Time for your weekly edition of the Defector Funbag. Got something on your mind? Email the Funbag. You can also read Drew over at SFGATE, and buy Drew’s books while you’re at it. Today, we're talking about college coaches, Muppets, overpriced herbs, and more.
Your letters:
Chris:
I read The Postmortal a number of years back, and it has legitimately haunted me. I have always tried to either not think about death, or hope that science will solve that whole thing by the time I get old. The book not only forced me to think a lot about death, but also very clearly presented what was presumably your point of view: that aging and death is necessary, and that living forever at a fixed point would cause all sorts of problems for everyone. Now that you've had a legitimate near-death experience, has your opinion changed? Do you find yourself wanting to push pause on aging before you get TOO creaky, or do you still view it with the rationality you did as a younger author further away from the realities of geriatric life?
Funny you should ask about that book Chris, because I was planning to write a retrospective about The Postmortal. So let me use your question to do just that.

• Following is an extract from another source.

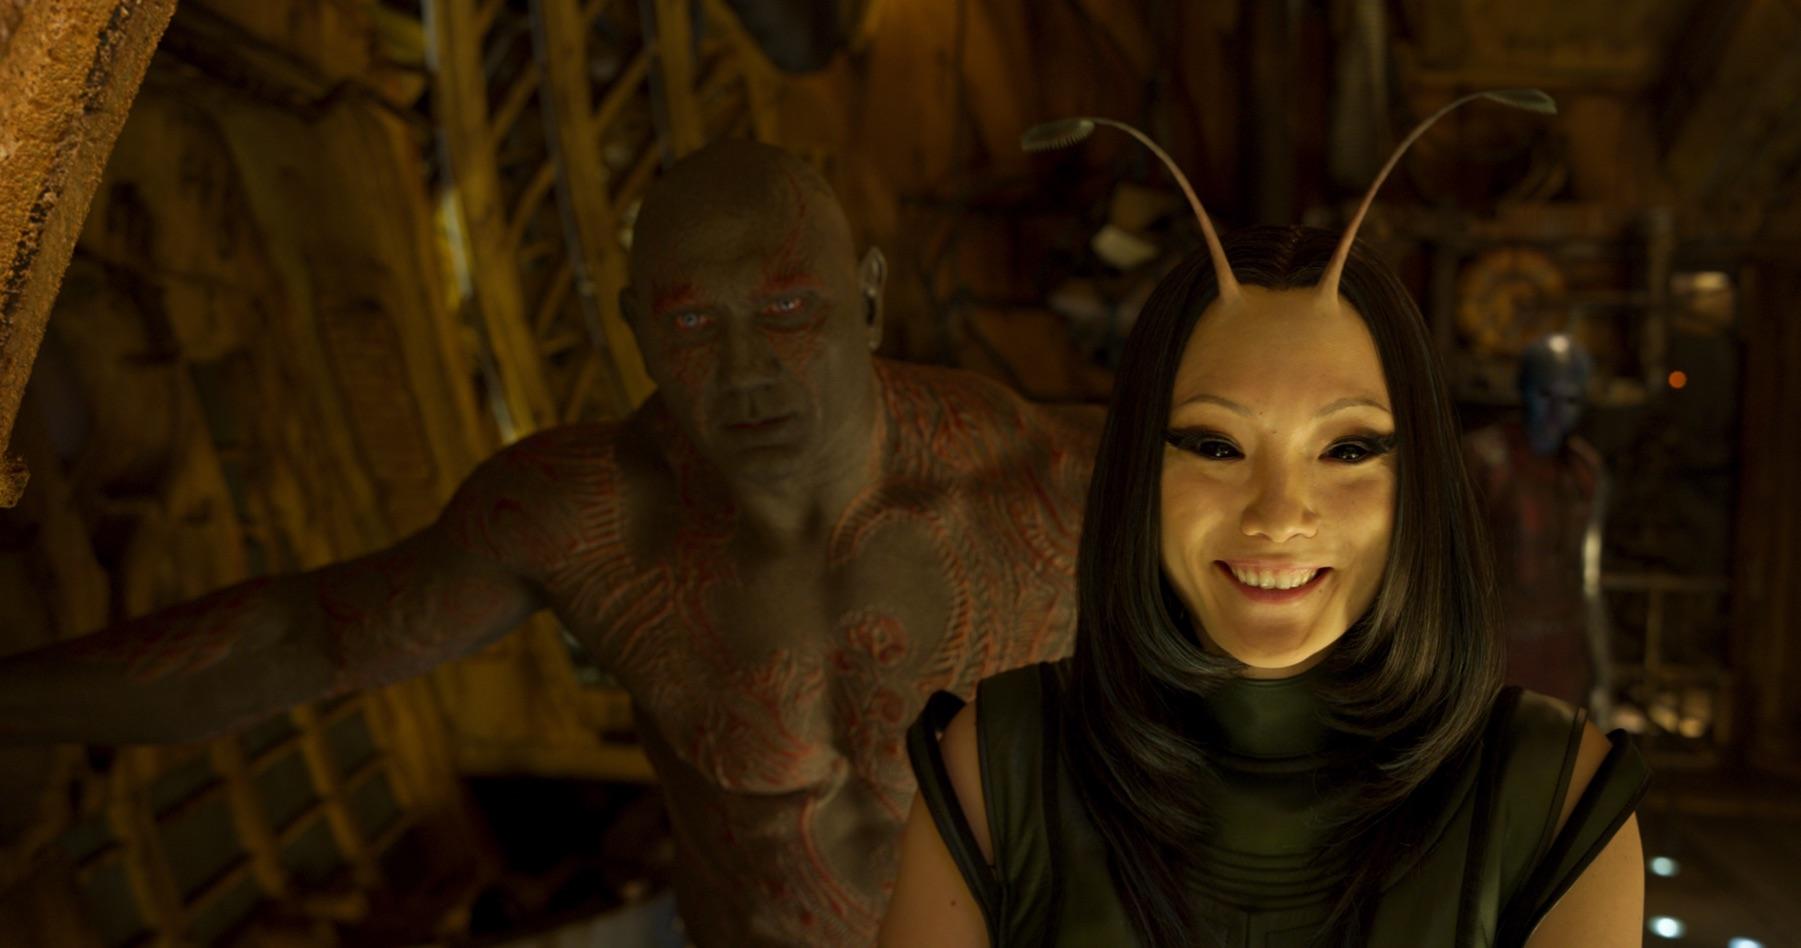 Pom Klementieff as Mantis
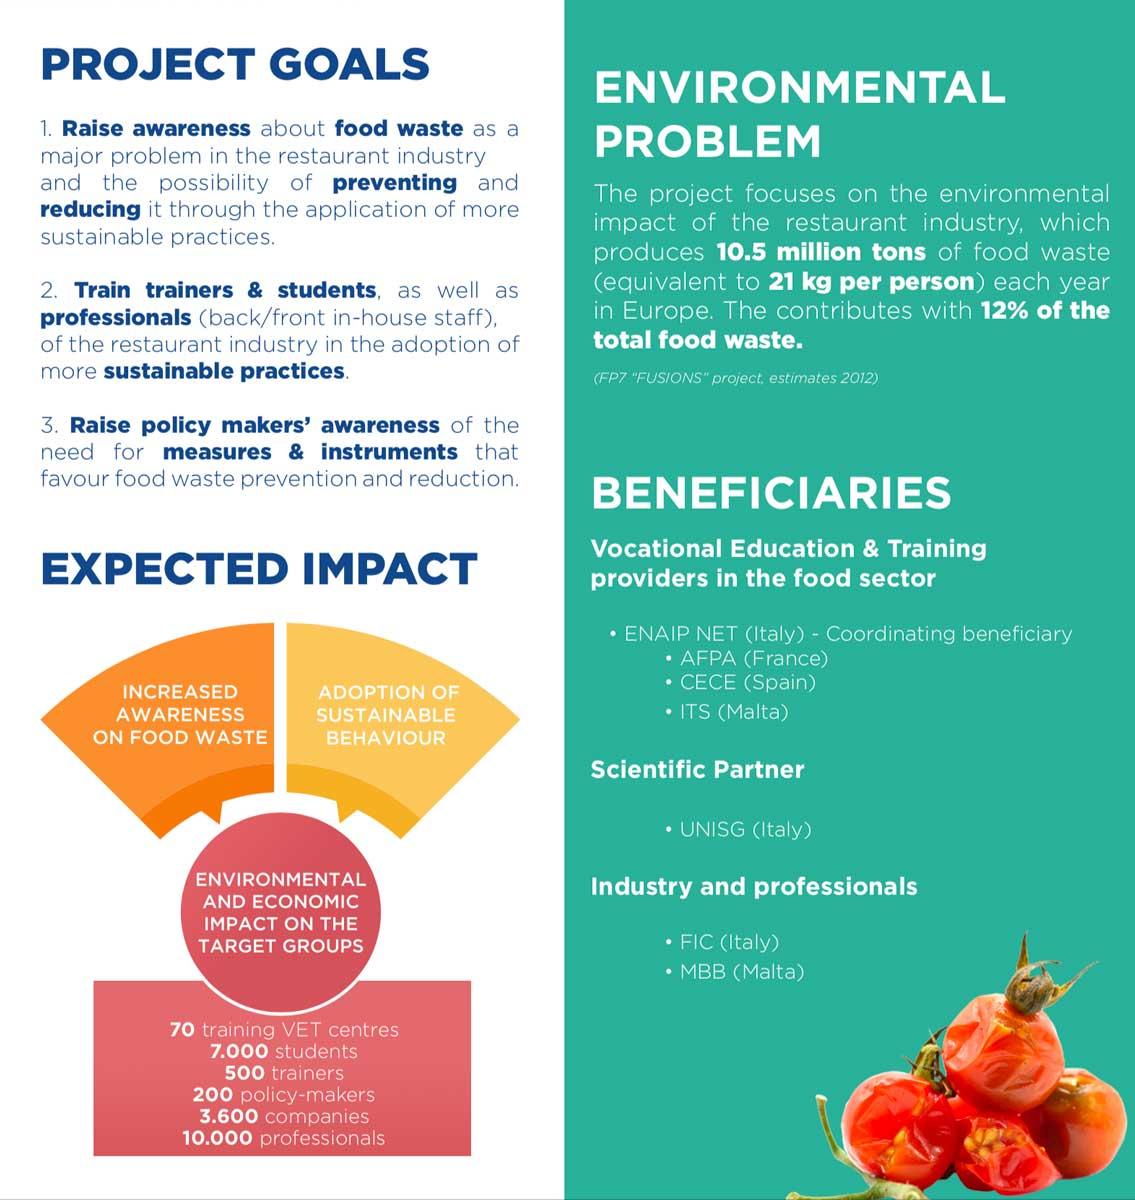 Foster, Life, EuropeanCommission, VET, FoodWaste, Training, Sustainability, Gastronomic, Food waste, restaurant industry, circular economy

The Postmortal is the first novel I ever wrote. It’s about a world in which a cure for aging has been invented and commoditized. I got the idea while watching a 60 Minutes segment in which the late Morley Safer explored the potential health benefits of drinking red wine. The report zeroed in resveratrol, a chemical in red wine that had potential anti-aging effects. Safer wryly mused that, were science to ever fully harness the power of this chemical, we all might be able to live forever. He found the possibility exciting, as anyone might. But in my head, I was like, “Well if we could all live forever, we’d all just end up killing each other.” Then I thought about HOW that would go down exactly, so I opened up a Word doc and started writing a manuscript titled The Cure For Death.
It was the summer of 2009. I had just been laid off from my ad job for the third time, forcing me to hustle for any and all freelance blogging work I could find. I had also just been arrested for DUI, which took another $4,000 out of the family kitty. And my wife had delivered our second kid that February. I’d already published one book, Men With Balls, but no one really bought it. I knew I wasn’t going to be able to provide for my family on blogging alone, and my advertising career was in irons. I had to write another book, one with more heft. A novel. The problem is that if you’re not a brand name author, you have to write the whole novel if you want to sell it. That’s a lot of work with zero guarantee of success. John Kennedy Toole was never able to get his masterpiece, A Confederacy of Dunces, off the ground while he was alive. He died by suicide at 31. It was only after his death that Dunces became a landmark novel. So even if you deserve to have the bet on your novel pay off, it still might not.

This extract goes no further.